---
name: trino-optimizer
description: Expert assistance for optimizing Trino query performance in Treasure Data. Use this skill when users need help with slow queries, memory issues, timeouts, or performance tuning. Focuses on partition pruning, column selection, output optimization, and common performance bottlenecks.
---

# Trino Query Optimizer

Expert assistance for optimizing Trino query performance and troubleshooting performance issues in Treasure Data environments.

## When to Use This Skill

Use this skill when:
- Queries are running too slowly or timing out
- Encountering memory limit errors
- Optimizing existing queries for better performance
- Debugging PAGE_TRANSPORT_TIMEOUT errors
- Reducing query costs
- Analyzing query execution plans
- Joins between large and small tables need optimization (use Magic Comments)
- Frequent ID lookups on large tables (>100M rows) need optimization (use UDP)
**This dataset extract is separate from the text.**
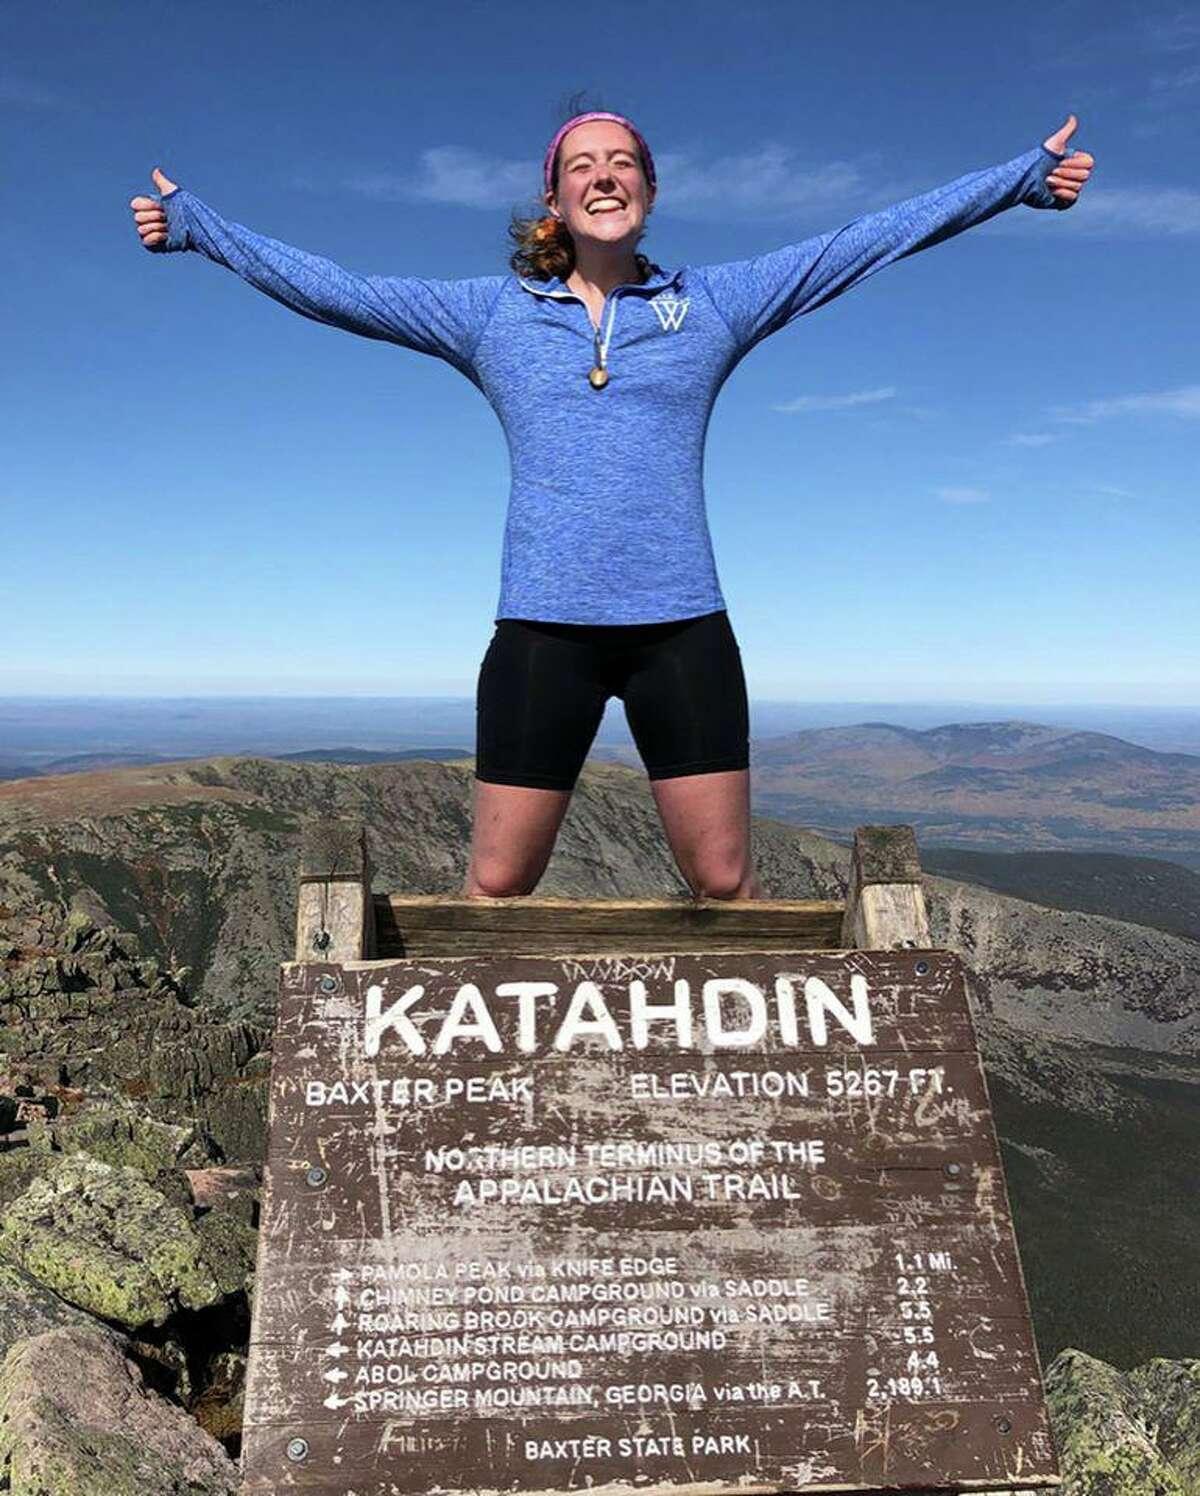 Diana Jackson, 23, of Darien, finishes her Appalachian Trail adventure on the peak of Mt Katahdin.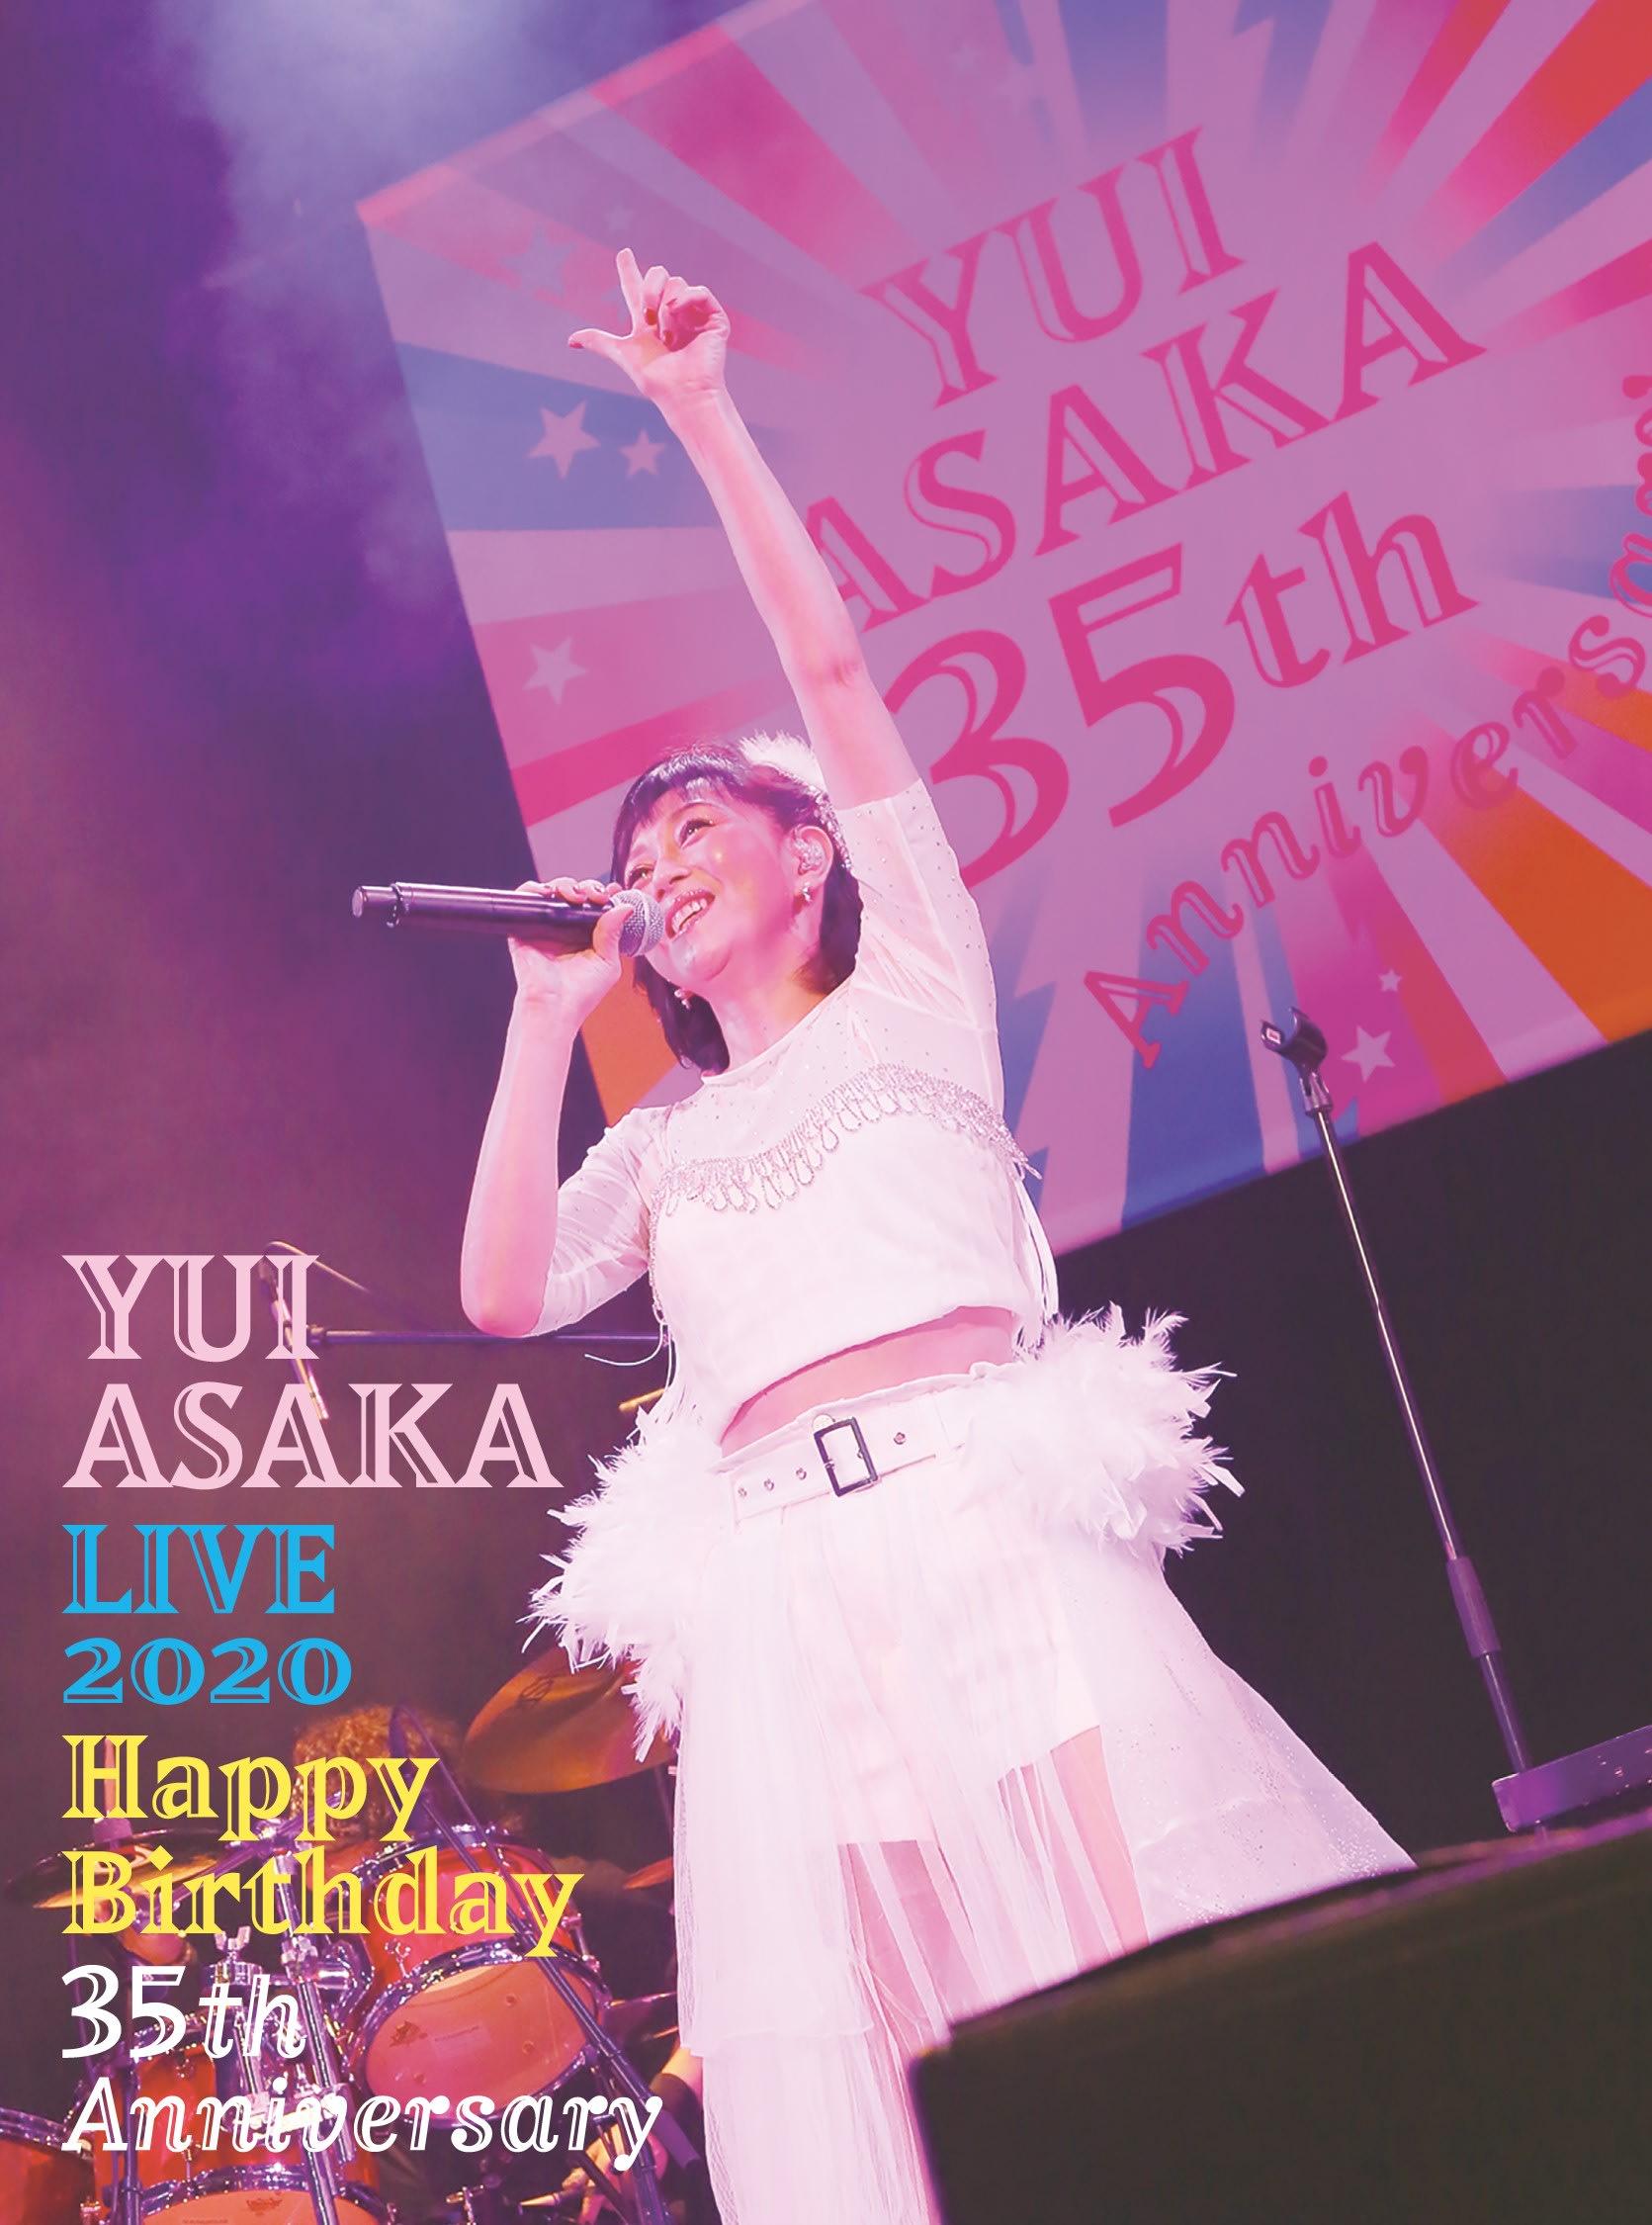 YUI ASAKA LIVE 2020~Happy Birthday 35th Anniversary【完全生産限定3枚組BOX】の画像

## Core Optimization Principles

### 1. Time-Based Partition Pruning (Most Important)

TD tables are partitioned by 1-hour buckets. **Always** filter on time for optimal performance.

**Use TD_INTERVAL or TD_TIME_RANGE:**
```sql
-- Good: Uses partition pruning
WHERE TD_INTERVAL(time, '-1d', 'JST')

-- Good: Explicit time range
WHERE TD_TIME_RANGE(time, '2024-01-01', '2024-01-31')

-- Bad: No time filter - scans entire table!
WHERE user_id = 123  -- Missing time filter
```

**Impact:** Without time filters, queries scan the entire table instead of just relevant partitions, dramatically increasing execution time and cost.

### 2. Column Selection

TD uses columnar storage format. **Select only needed columns.**

```sql
-- Good: Select specific columns
SELECT user_id, event_type, time
FROM events
WHERE TD_INTERVAL(time, '-1d', 'JST')

-- Bad: SELECT * reads all columns
SELECT *  -- Slower and more expensive
FROM events
WHERE TD_INTERVAL(time, '-1d', 'JST')
```

**Impact:** Each additional column increases I/O. Reading 10 columns vs 50 columns can make a significant performance difference.

### 3. Output Optimization

Use appropriate output methods for your use case.

**CREATE TABLE AS (CTAS) - 5x faster than SELECT:**
```sql
-- Best for large result sets
CREATE TABLE analysis_results AS
SELECT
  TD_TIME_STRING(time, 'd!', 'JST') as date,
  COUNT(*) as events
FROM events
WHERE TD_INTERVAL(time, '-1M', 'JST')
GROUP BY 1
```

**INSERT INTO - For appending to existing tables:**
```sql
INSERT INTO daily_summary
SELECT
  TD_TIME_STRING(time, 'd!', 'JST') as date,
  COUNT(*) as events
FROM events
WHERE TD_INTERVAL(time, '-1d', 'JST')
GROUP BY 1
```

**SELECT with LIMIT - For exploratory queries:**
```sql
-- Good for testing/exploration
SELECT *
FROM events
WHERE TD_INTERVAL(time, '-1d', 'JST')
LIMIT 1000
```

**Impact:** CTAS skips JSON serialization, directly writing to partitioned tables, providing 5x better performance.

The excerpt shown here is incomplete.